### Introduction

A hash table, also known as a hash map, is a data structure that allows efficient storage and retrieval of key-value pairs. It is based on the concept of a hash function, which takes an input (usually a key) and computes a unique numerical value called a hash code. This hash code is used as an index to store the corresponding value.

Hash tables offer fast lookup and insertion times, making them ideal for situations where quick access to data is crucial. They provide a way to store and retrieve information in constant time, regardless of the size of the data set.

Here's a simple overview of how a hash table works:

The hash function takes a key as input and computes its hash code.

The hash code is used to determine the index or position in the hash table where the value will be stored.

The value is stored at the computed index.

When retrieving a value, the hash function is applied to the key again, and the resulting hash code is used to locate the value in the hash table.

Some real-world applications of hash tables include:

Dictionaries and Language Processing: Hash tables are commonly used to implement dictionaries and language processing tools. Each word can be stored as a key, and its corresponding definition or translation can be stored as the value. This allows for efficient word lookup and retrieval.

Caching: Hash tables are used in caching systems to store frequently accessed data. For example, web browsers often use hash tables to cache recently visited web pages. The URL serves as the key, and the corresponding webpage content is stored as the value. This helps to speed up subsequent requests for the same web page.

Database Indexing: Hash tables are used in database systems to index and retrieve data efficiently. Instead of searching through the entire database for a specific record, a hash function can be applied to the key attributes of the record, and the resulting hash code can be used to locate the record directly.

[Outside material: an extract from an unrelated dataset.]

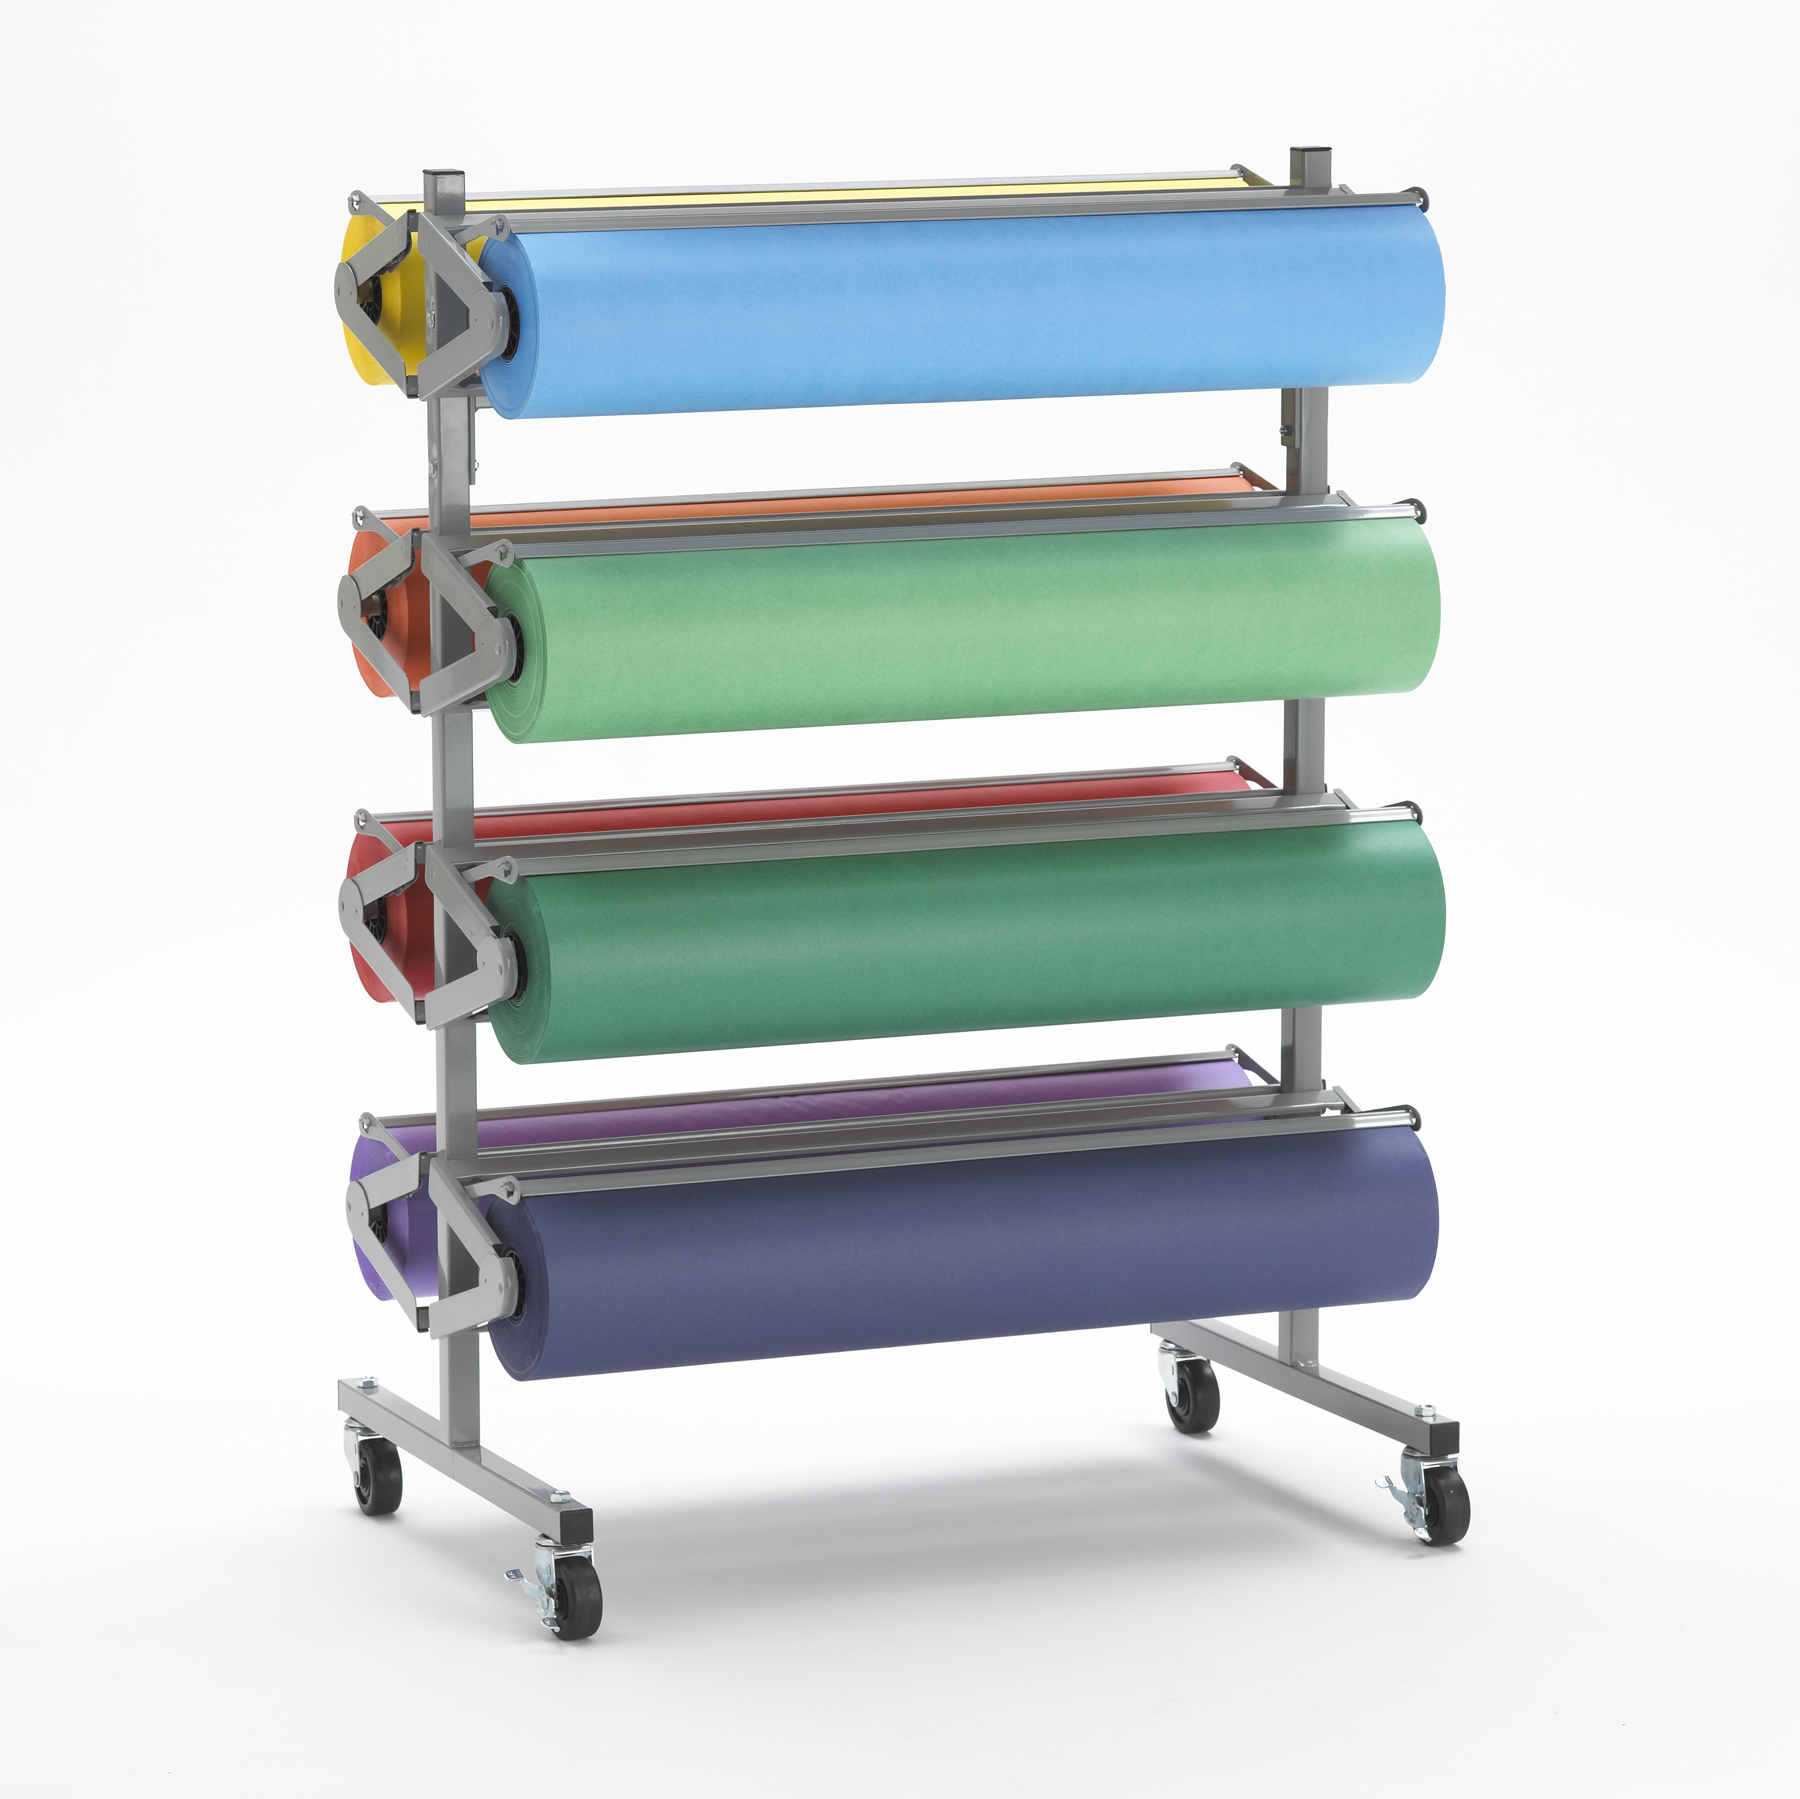 R370 Standard Rola-Rack

Symbol Tables in Compilers: Hash tables are used in compilers to store identifiers (such as variables and functions) and their associated attributes. This allows for efficient lookup and management of symbols during the compilation process.

Of course - the above just includes a few examples. The use of hash tables within the software landscape can be quite broad, and the incredibly fast read and write performance isn’t free! Hash tables require additional memory to store the underlying data. In scenarios with a large number of key-value pairs or with limited memory, the overhead of using hash tables can be quite high. As with anything, there is no free lunch!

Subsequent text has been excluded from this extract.